La réalisatrice et actrice Cherien Dabis ne s’en cache pas, si elle s’est intéressée au sujet des différences culturelles dans le couple, c’est qu’elle-même s’est posé ce genre de questions, en étant élevée aux États-Unis par des parents immigrés. “Quand on grandit dans une diaspora et dans une vie aux géographies multiples, il est impossible de ne jamais être confronté au sujet des différences culturelles dans une relation, explique-t-elle. Je me suis inspirée de mon histoire personnelle, mais aussi de plein d’autres que j’ai entendues autour de moi, en posant la question fondamentale: pouvons-nous dépasser ces différences et aimer malgré elles?”
Chronique familiale et générationnelle, le film s’intéresse à la jeunesse jordanienne, celle qui est partie et celle qui est restée. Trois bonnes raisons de profiter des ponts pour aller le voir.
Pour découvrir Cherien Dabis (et les autres)
La réalisatrice de 37 ans est aussi la scénariste et l’actrice principale du film. Cette Américaine née d’une mère jordanienne et d’un père palestinien continue d’explorer ses racines, après un premier film remarqué, Amerrika, sur le thème du racisme anti-Arabes en pleine période Bush aux États-Unis. Pour incarner les parents de May et les deux mondes qu’ils symbolisent, Cherien Dabis a fait appel à Hiam Abbass et Bill Pullman. Face à l’acteur hollywoodien, l’Arabe israélienne Hiam Abbass -qu’on a vue notamment dans Les Citronniers ou La Source des femmes- est parfaite en mère angoissée fanatique de Jésus. Le choix de mettre en scène une famille chrétienne d’Amman plutôt qu’une famille musulmane est d’ailleurs une excellente façon de dynamiter nos idées reçues sur le monde arabe.
Pour voir un EVJF à la mer Morte
Ici, point de beuverie à Las Vegas ni de gogo dancers à domicile.
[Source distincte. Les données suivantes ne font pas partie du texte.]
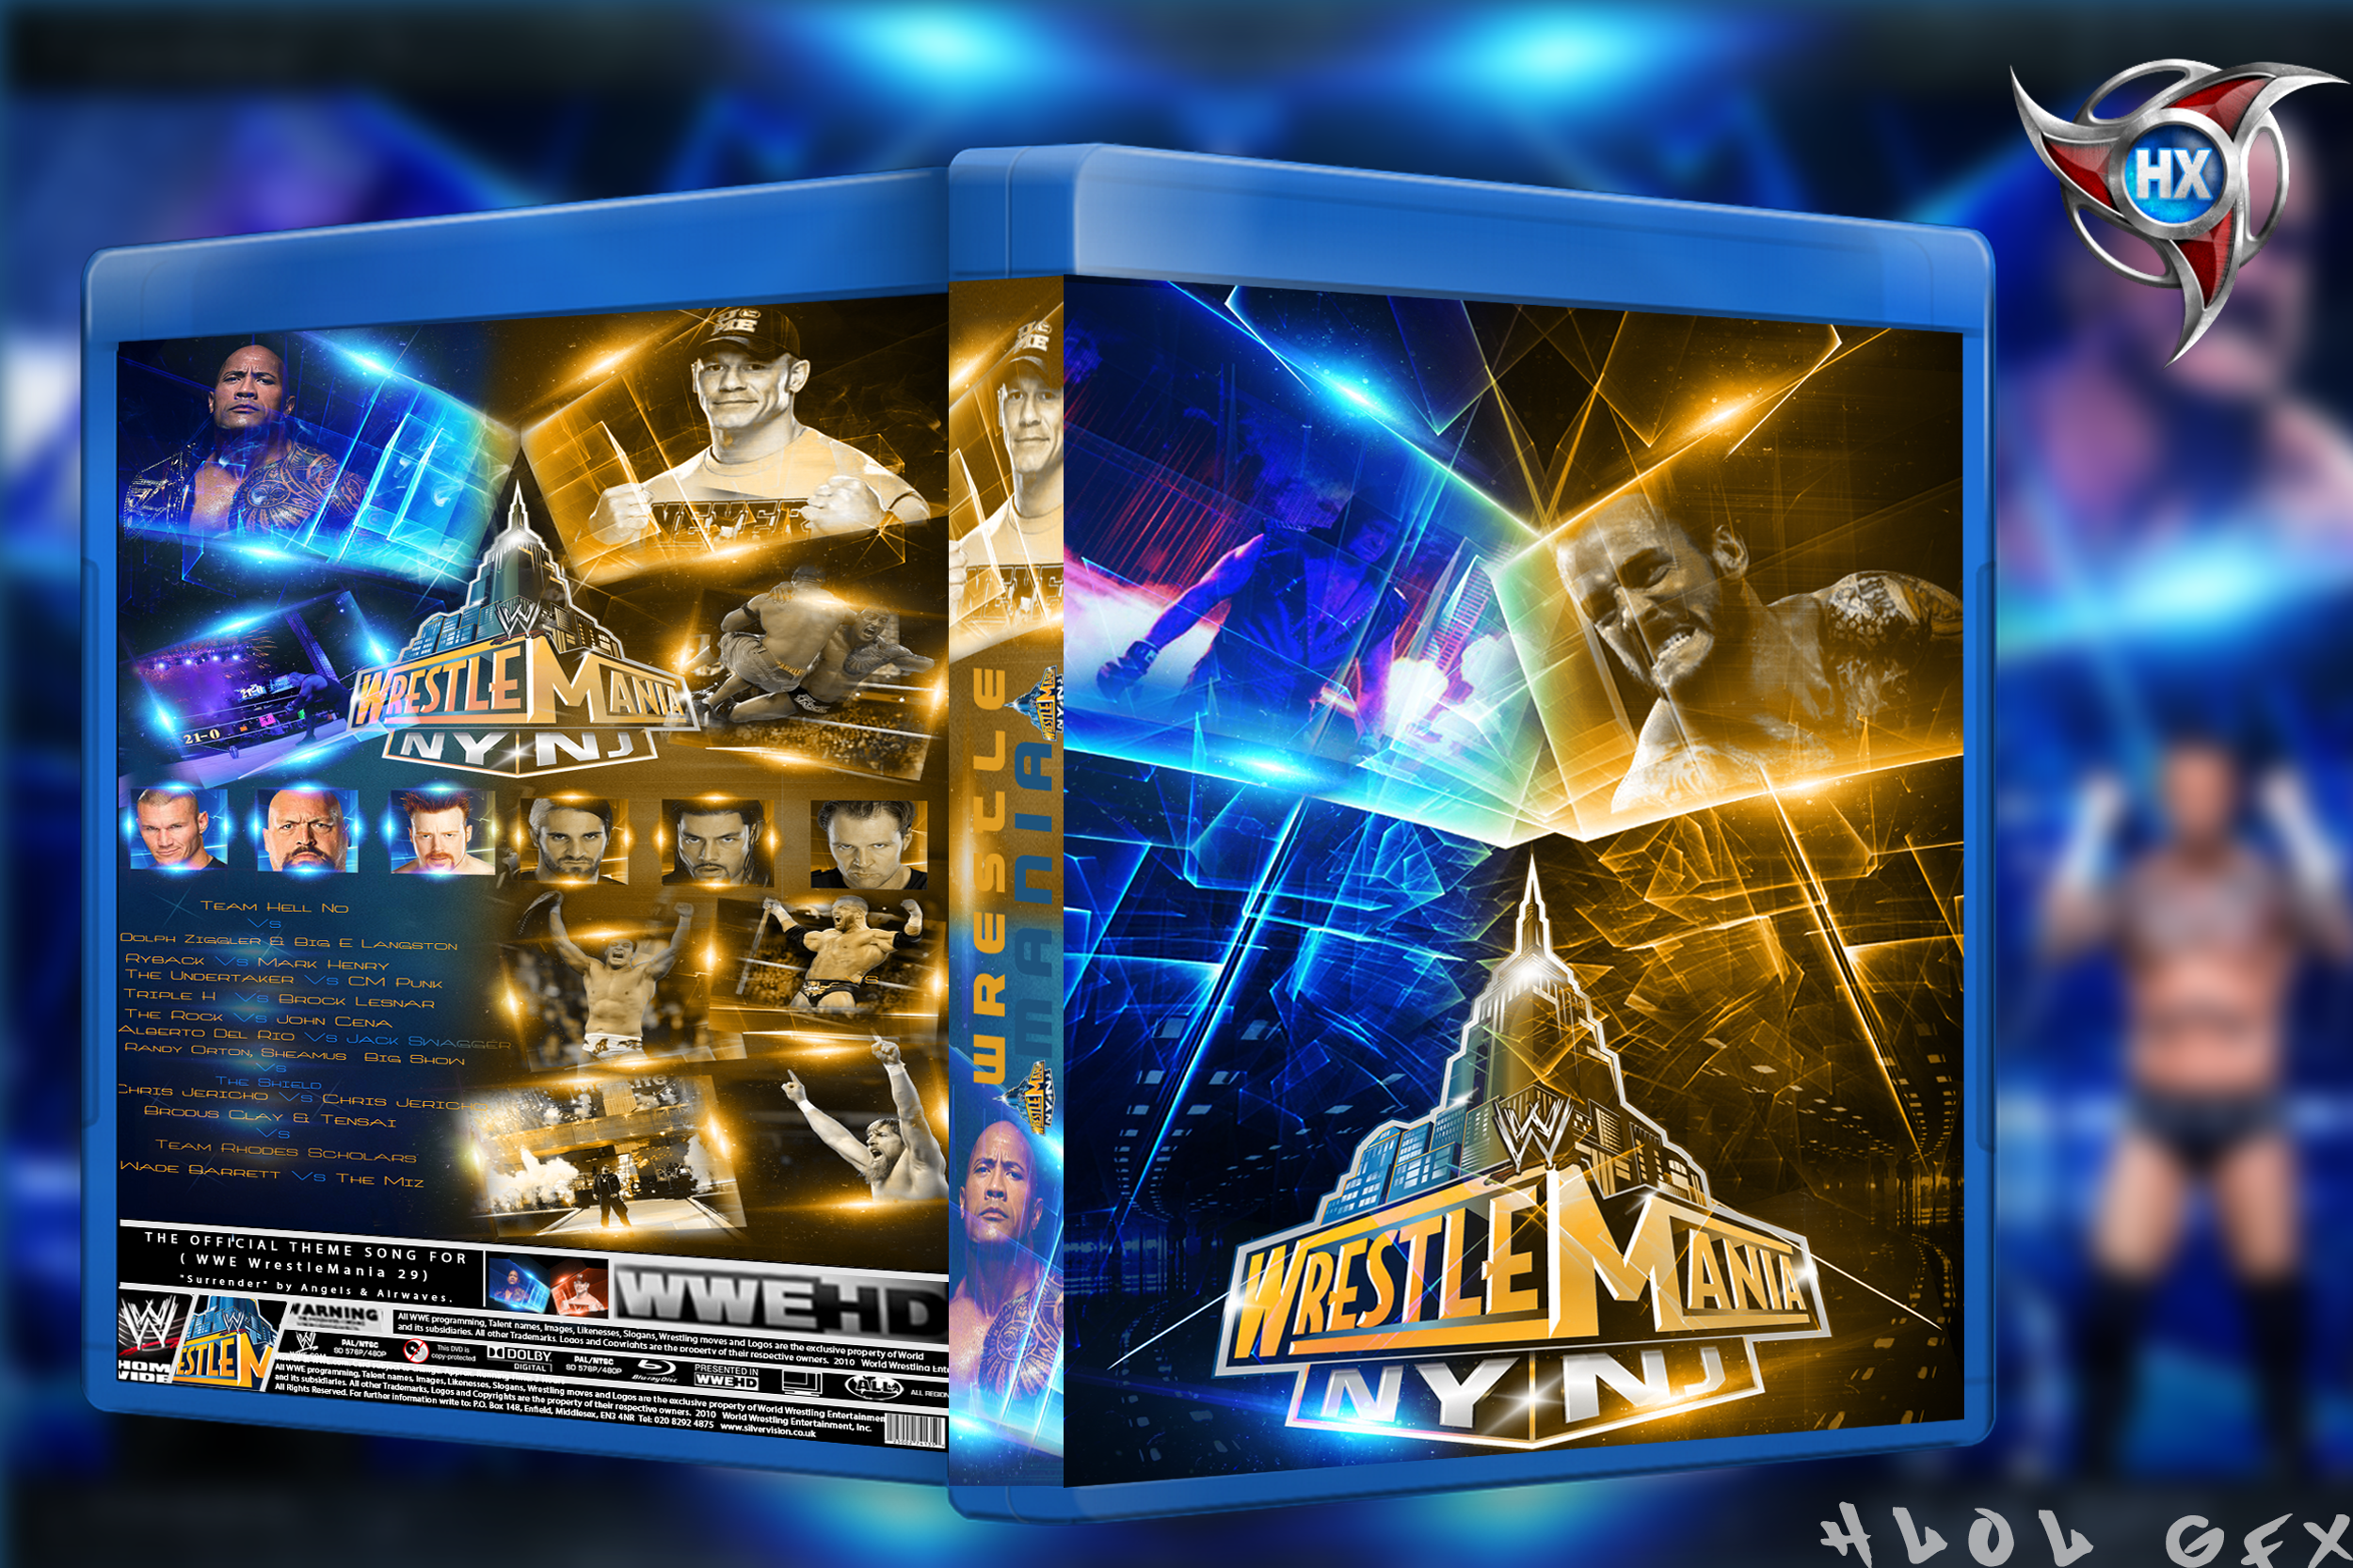 WWE WrestleMania 29 Blu-ray box cover

May et ses sœurs décident d’aller enterrer la vie de jeune fille de la future mariée dans un hôtel-club de la mer Morte. Au programme: baignades où l’on flotte à la surface de l’eau excessivement salée, bains de boue et couchers de soleil dingues agrémentés d’un whisky. Une façon de filmer la jeunesse jordanienne dorée, qui sort, picole, ose tout en matière de lingerie, et se moque des “ninjas”, ses compatriotes voilées intégralement d’un niqab.
Un parti pris assumé par la réalisatrice qui voulait sortir des clichés sur les femmes arabes. “Je n’ai connu que des femmes arabes fortes, remettant en cause tous les stéréotypes que les occidentaux plaquent sur elles, qu’elles portent le voile ou non, dit Cherien Dabis. Le monde arabe est rempli de femmes modernes qui font bouger les choses, je les trouve très inspirantes, c’est pourquoi j’ai bâti mon film autour d’elles.”
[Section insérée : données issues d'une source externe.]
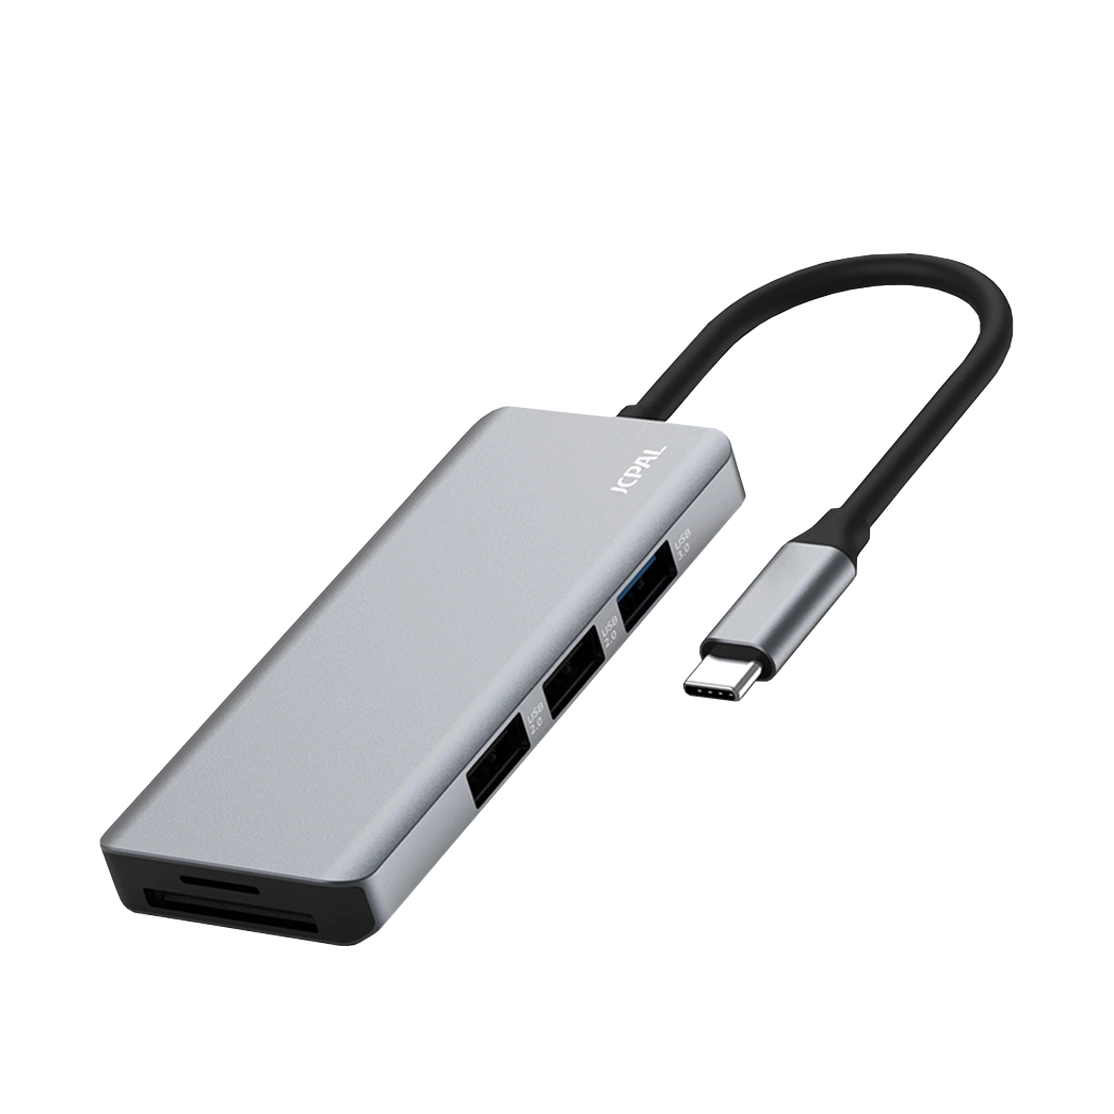 Jcpal Linx USB-C 7-Port Hub JCP6300

“J’ai passé les 30 dernières années à voyager en Jordanie, un pays unique, et je suis très fière de pouvoir montrer quelques uns de ses recoins magiques.”
Entre les scènes dans la capitale et celles dans la nature, May in The Summer nous transporte loin, notamment lors d’un passage dans le désert où les paysages sont magnifiques.“J’ai passé les 30 dernières années à voyager en Jordanie, un pays unique, et je suis très fière de pouvoir montrer quelques uns de ses recoins magiques”, reconnaît Cherien Dabis. Du conflit qui agite l’autre rive de la mer Morte, il ne sera presque rien dit, mais un avion militaire troublant quelques secondes la fête sur la plage rappelle qu’il n’est jamais loin.
Pour vérifier que l’amour, c’est compliqué, où que l’on vive
L’héroïne, chrétienne, désespère sa famille en voulant épouser un musulman, sa sœur a du mal à assumer son homosexualité, et sa mère, délaissée pour une femme plus jeune, craint de finir ses jours seule. Les questionnements des femmes de May in The Summer sont finalement universels, et le thème central, à savoir le poids des différences dans une relation amoureuse, n’a rien de typiquement jordanien. De même, les petits décalages auxquels sont confrontées les héroïnes, nées aux États-Unis, bredouillant l’arabe, et se baladant en short dans les rues d’Amman, devraient parler à la plupart des détenteurs d’une double nationalité. Le film, qui verse davantage dans la comédie de mœurs que dans la rom com à l’américaine, a le bon goût de ne pas tomber dans le happy end facile et son dénouement, qui sent le vécu, pose de vraies questions sur l’identité.